Casualties and losses
- One submarine lightly damaged One submarine possibly sunk: One transport ship sunk one LST damaged 28 killed and 21 injured

= Convoy GP55 =

Convoy of Allied ships that travelled from Sydney to Brisbane in June 1943

Convoy GP55 was a convoy of Allied ships that travelled from Sydney to Brisbane in June 1943 during World War II. It comprised ten cargo ships, three landing ships, tank (LSTs) and an escort of five corvettes. The Japanese submarine I-174 attacked the convoy on 16 June, sinking the United States Army transport ship and damaging USS LST-469. Two of the corvettes counter-attacked I-174, but only lightly damaged her.
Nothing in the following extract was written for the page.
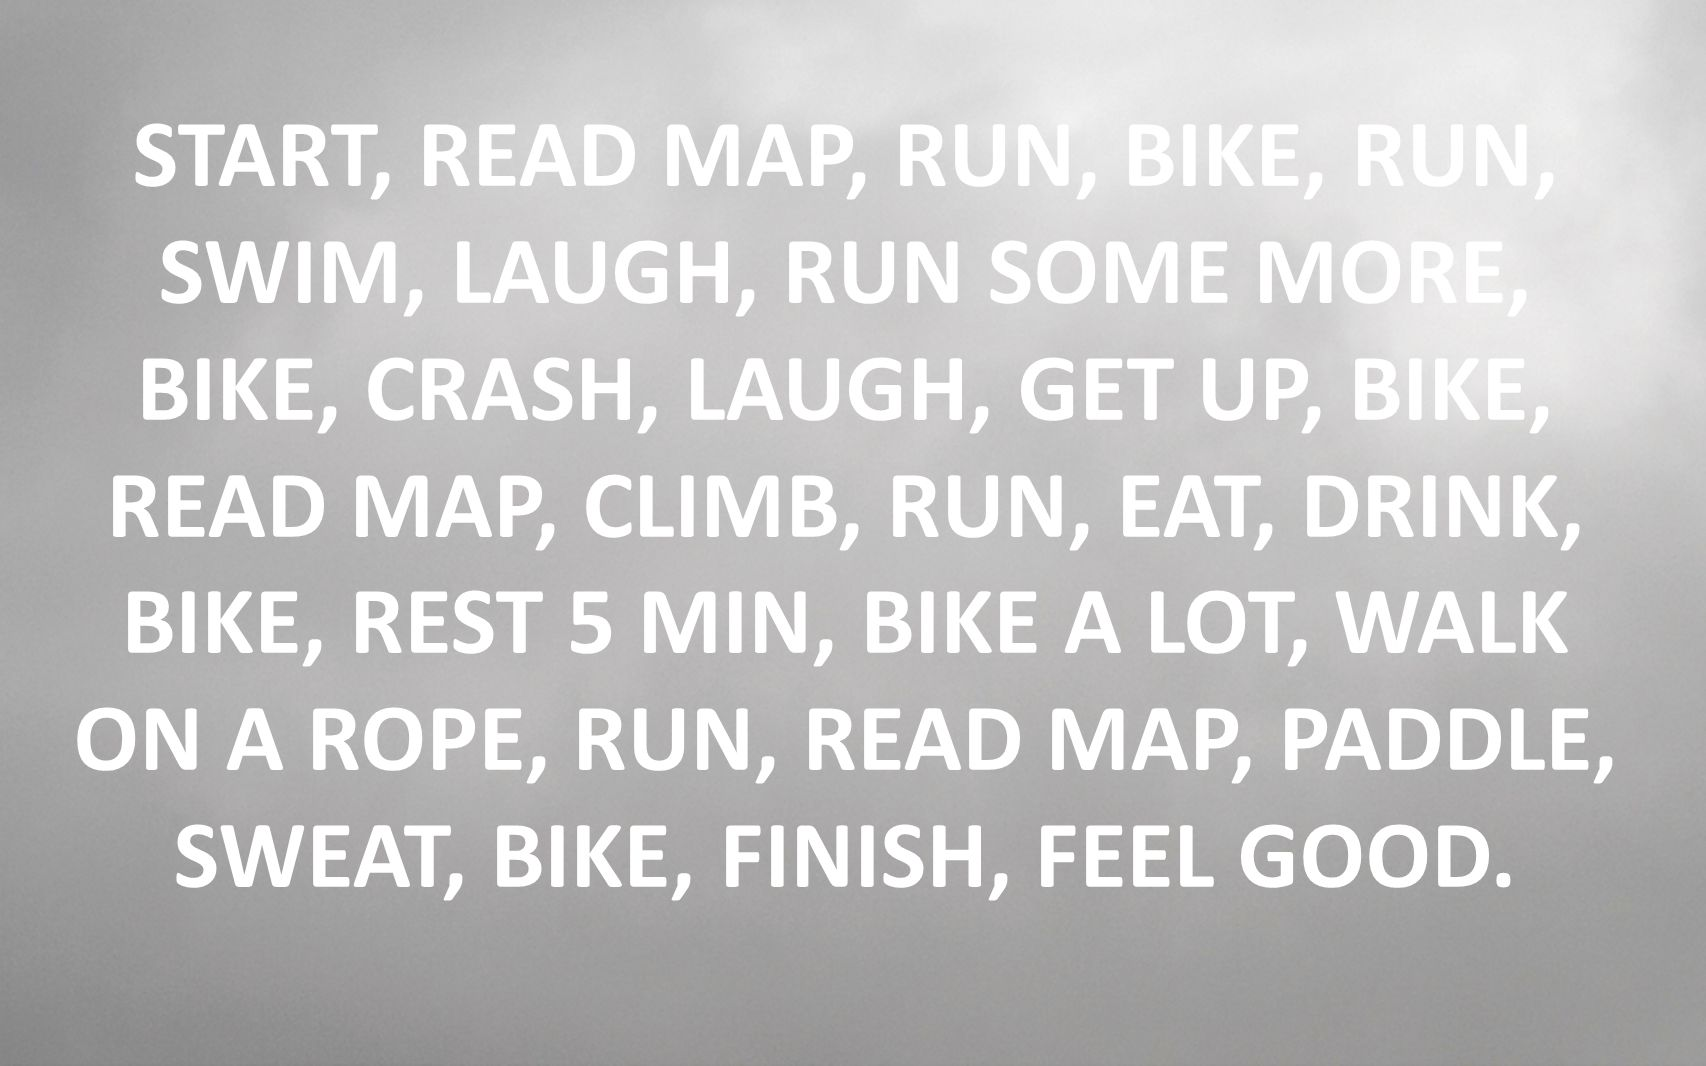 START, READ MAP, RUN, BIKE, RUN, SWIM, LAUGH, RUN SOME MORE, BIKE, CRASH, LAUGH, GET UP, BIKE, READ MAP, CLIMB, RUN, EAT, DRINK, BIKE, REST 5 MIN, BIKE A LOT, WALK ON A ROPE, RUN, READ MAP, PADDLE, SWEAT, BIKE, FINISH, FEEL GOOD.
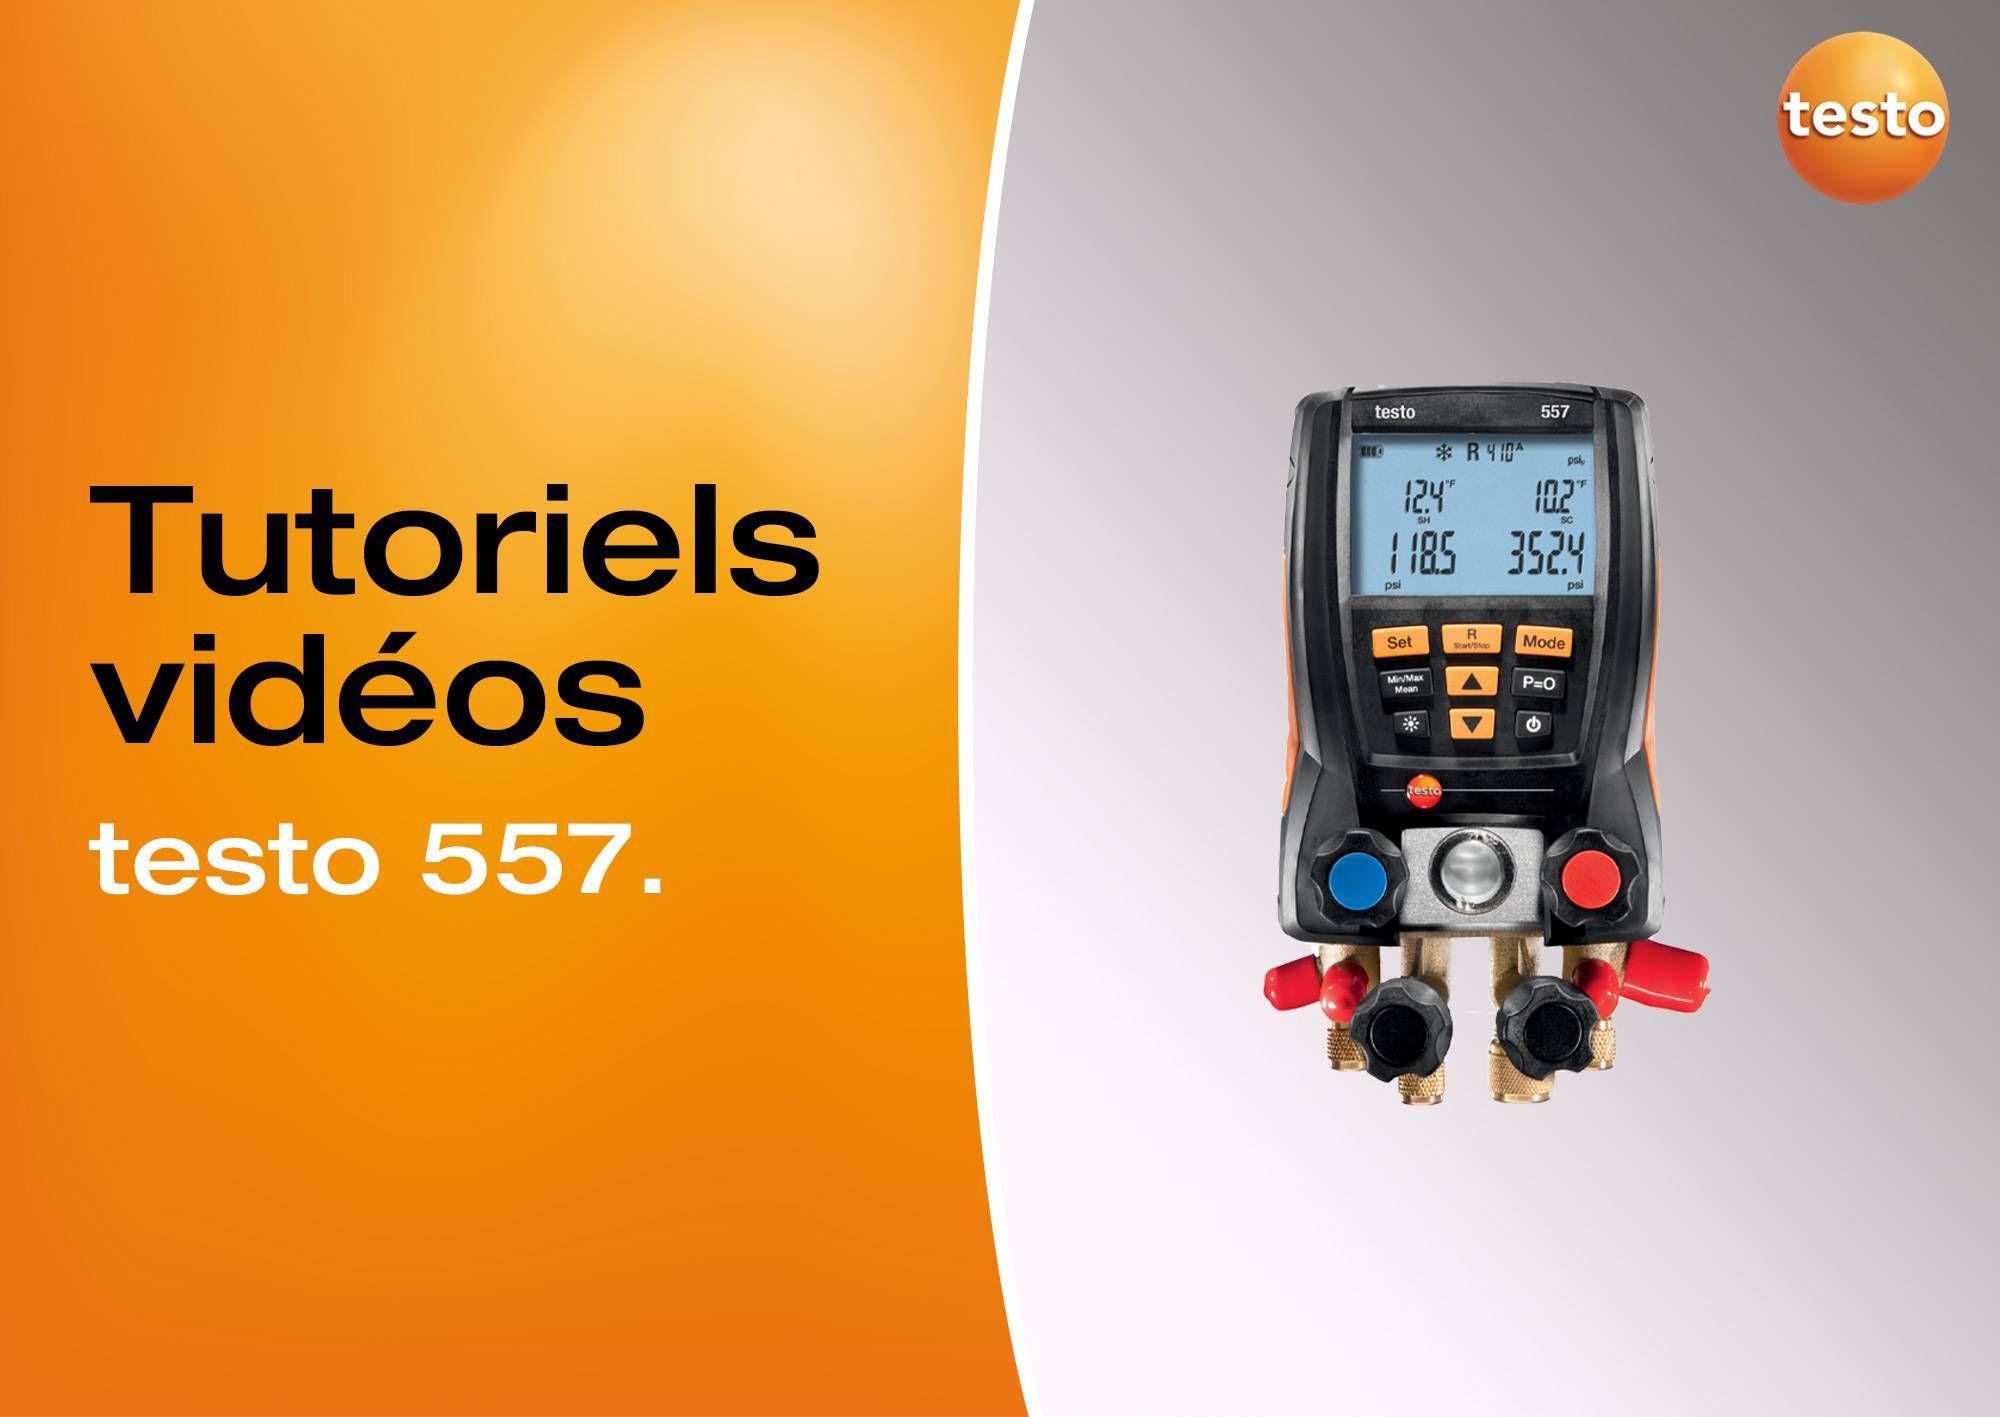 Tutoriels vidéos utilisation manomètre testo 557

The Australian military conducted an intensive search for I-174 in the days after the attack in the mistaken belief that she had been significantly damaged. This search was not successful and highlighted the unsatisfactory communications between the Royal Australian Navy (RAN) and Royal Australian Air Force (RAAF). However, another Japanese submarine passing through the area may have been sunk by RAAF aircraft. Because of Japan's deteriorating strategic situation, I-174 was the last Imperial Japanese Navy (IJN) submarine to operate off the Australian east coast.

==Background==

During 1942 and 1943, Japanese submarines periodically operated in the waters surrounding Australia. A force of midget submarines raided Sydney Harbour on the night of 31 May – 1 June 1942 and attacks on merchant shipping travelling off the east coast began several days later. These attacks continued until August 1942, when the Japanese submarine force was redeployed. The I-174 made a 24-day patrol off Australia in July and August 1942, but did not attack any ships. In response to the Japanese attacks, the Australian naval authorities ordered that all ships with a displacement of more than 1,200 tons and a maximum speed of less than 12 knots travel in escorted convoys from 8 June. These convoys were successful in minimising losses, and no escorted ships were sunk off Australia during 1942.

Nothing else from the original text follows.